#### PROBLEM STATEMENT:
Reproduce the entries. Each one must match the original exactly.

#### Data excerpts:
[Start of Attachment]

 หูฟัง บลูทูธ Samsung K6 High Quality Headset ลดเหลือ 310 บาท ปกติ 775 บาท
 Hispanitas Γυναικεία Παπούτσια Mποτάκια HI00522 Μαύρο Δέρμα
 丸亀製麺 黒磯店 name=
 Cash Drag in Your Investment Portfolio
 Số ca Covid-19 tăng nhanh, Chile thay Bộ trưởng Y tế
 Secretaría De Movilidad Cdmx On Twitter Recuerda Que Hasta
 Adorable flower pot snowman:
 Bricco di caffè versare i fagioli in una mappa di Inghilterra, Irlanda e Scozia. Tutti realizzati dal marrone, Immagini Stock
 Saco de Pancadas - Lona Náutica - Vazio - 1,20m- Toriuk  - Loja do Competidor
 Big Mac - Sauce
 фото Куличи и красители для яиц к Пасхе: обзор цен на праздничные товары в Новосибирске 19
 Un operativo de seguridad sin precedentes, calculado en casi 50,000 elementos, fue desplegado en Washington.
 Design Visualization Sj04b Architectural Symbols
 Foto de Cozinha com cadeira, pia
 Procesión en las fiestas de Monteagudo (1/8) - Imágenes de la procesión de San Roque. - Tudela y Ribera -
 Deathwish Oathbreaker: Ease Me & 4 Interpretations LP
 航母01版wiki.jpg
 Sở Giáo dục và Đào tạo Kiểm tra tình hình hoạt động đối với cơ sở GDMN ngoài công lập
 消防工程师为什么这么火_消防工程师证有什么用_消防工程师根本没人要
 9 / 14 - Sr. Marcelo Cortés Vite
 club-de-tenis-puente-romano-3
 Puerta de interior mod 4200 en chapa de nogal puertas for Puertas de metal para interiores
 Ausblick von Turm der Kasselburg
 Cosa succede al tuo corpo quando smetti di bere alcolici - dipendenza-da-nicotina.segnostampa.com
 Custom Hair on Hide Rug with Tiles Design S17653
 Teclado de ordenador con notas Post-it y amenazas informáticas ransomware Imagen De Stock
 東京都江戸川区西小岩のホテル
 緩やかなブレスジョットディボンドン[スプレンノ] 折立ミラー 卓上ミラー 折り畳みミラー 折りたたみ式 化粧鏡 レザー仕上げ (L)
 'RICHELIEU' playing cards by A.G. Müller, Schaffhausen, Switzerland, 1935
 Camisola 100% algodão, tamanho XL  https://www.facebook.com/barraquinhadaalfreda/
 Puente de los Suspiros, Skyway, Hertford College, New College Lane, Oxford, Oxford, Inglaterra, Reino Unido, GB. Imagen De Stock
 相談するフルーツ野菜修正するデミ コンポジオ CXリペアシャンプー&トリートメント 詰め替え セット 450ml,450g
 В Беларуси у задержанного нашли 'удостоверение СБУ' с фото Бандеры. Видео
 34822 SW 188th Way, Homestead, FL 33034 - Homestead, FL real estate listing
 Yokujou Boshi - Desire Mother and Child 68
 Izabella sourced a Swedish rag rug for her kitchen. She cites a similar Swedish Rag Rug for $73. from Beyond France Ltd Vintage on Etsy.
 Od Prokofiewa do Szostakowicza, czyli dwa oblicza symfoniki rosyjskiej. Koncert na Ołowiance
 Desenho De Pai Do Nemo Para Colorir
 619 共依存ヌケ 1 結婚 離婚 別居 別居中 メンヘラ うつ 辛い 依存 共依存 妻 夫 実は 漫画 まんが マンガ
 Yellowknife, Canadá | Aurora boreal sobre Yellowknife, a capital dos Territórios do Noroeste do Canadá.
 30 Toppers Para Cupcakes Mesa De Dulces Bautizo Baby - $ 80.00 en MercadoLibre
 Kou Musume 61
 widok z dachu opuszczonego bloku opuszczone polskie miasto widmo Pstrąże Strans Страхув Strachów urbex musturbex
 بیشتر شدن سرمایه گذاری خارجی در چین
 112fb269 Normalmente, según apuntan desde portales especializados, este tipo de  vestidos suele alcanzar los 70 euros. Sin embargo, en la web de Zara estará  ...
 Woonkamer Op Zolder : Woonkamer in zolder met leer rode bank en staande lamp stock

[End of Attachment]

#### RESPONSE TO THE EXERCISE:
 หูฟัง บลูทูธ Samsung K6 High Quality Headset ลดเหลือ 310 บาท ปกติ 775 บาท
 Hispanitas Γυναικεία Παπούτσια Mποτάκια HI00522 Μαύρο Δέρμα
 丸亀製麺 黒磯店 name=
 Cash Drag in Your Investment Portfolio
 Số ca Covid-19 tăng nhanh, Chile thay Bộ trưởng Y tế
 Secretaría De Movilidad Cdmx On Twitter Recuerda Que Hasta
 Adorable flower pot snowman:
 Bricco di caffè versare i fagioli in una mappa di Inghilterra, Irlanda e Scozia. Tutti realizzati dal marrone, Immagini Stock
 Saco de Pancadas - Lona Náutica - Vazio - 1,20m- Toriuk  - Loja do Competidor
 Big Mac - Sauce
 фото Куличи и красители для яиц к Пасхе: обзор цен на праздничные товары в Новосибирске 19
 Un operativo de seguridad sin precedentes, calculado en casi 50,000 elementos, fue desplegado en Washington.
 Design Visualization Sj04b Architectural Symbols
 Foto de Cozinha com cadeira, pia
 Procesión en las fiestas de Monteagudo (1/8) - Imágenes de la procesión de San Roque. - Tudela y Ribera -
 Deathwish Oathbreaker: Ease Me & 4 Interpretations LP
 航母01版wiki.jpg
 Sở Giáo dục và Đào tạo Kiểm tra tình hình hoạt động đối với cơ sở GDMN ngoài công lập
 消防工程师为什么这么火_消防工程师证有什么用_消防工程师根本没人要
 9 / 14 - Sr. Marcelo Cortés Vite
 club-de-tenis-puente-romano-3
 Puerta de interior mod 4200 en chapa de nogal puertas for Puertas de metal para interiores
 Ausblick von Turm der Kasselburg
 Cosa succede al tuo corpo quando smetti di bere alcolici - dipendenza-da-nicotina.segnostampa.com
 Custom Hair on Hide Rug with Tiles Design S17653
 Teclado de ordenador con notas Post-it y amenazas informáticas ransomware Imagen De Stock
 東京都江戸川区西小岩のホテル
 緩やかなブレスジョットディボンドン[スプレンノ] 折立ミラー 卓上ミラー 折り畳みミラー 折りたたみ式 化粧鏡 レザー仕上げ (L)
 'RICHELIEU' playing cards by A.G. Müller, Schaffhausen, Switzerland, 1935
 Camisola 100% algodão, tamanho XL  https://www.facebook.com/barraquinhadaalfreda/
 Puente de los Suspiros, Skyway, Hertford College, New College Lane, Oxford, Oxford, Inglaterra, Reino Unido, GB. Imagen De Stock
 相談するフルーツ野菜修正するデミ コンポジオ CXリペアシャンプー&トリートメント 詰め替え セット 450ml,450g
 В Беларуси у задержанного нашли 'удостоверение СБУ' с фото Бандеры. Видео
 34822 SW 188th Way, Homestead, FL 33034 - Homestead, FL real estate listing
 Yokujou Boshi - Desire Mother and Child 68
 Izabella sourced a Swedish rag rug for her kitchen. She cites a similar Swedish Rag Rug for $73. from Beyond France Ltd Vintage on Etsy.
 Od Prokofiewa do Szostakowicza, czyli dwa oblicza symfoniki rosyjskiej. Koncert na Ołowiance
 Desenho De Pai Do Nemo Para Colorir
 619 共依存ヌケ 1 結婚 離婚 別居 別居中 メンヘラ うつ 辛い 依存 共依存 妻 夫 実は 漫画 まんが マンガ
 Yellowknife, Canadá | Aurora boreal sobre Yellowknife, a capital dos Territórios do Noroeste do Canadá.
 30 Toppers Para Cupcakes Mesa De Dulces Bautizo Baby - $ 80.00 en MercadoLibre
 Kou Musume 61
 widok z dachu opuszczonego bloku opuszczone polskie miasto widmo Pstrąże Strans Страхув Strachów urbex musturbex
 بیشتر شدن سرمایه گذاری خارجی در چین
 112fb269 Normalmente, según apuntan desde portales especializados, este tipo de  vestidos suele alcanzar los 70 euros. Sin embargo, en la web de Zara estará  ...
 Woonkamer Op Zolder : Woonkamer in zolder met leer rode bank en staande lamp stock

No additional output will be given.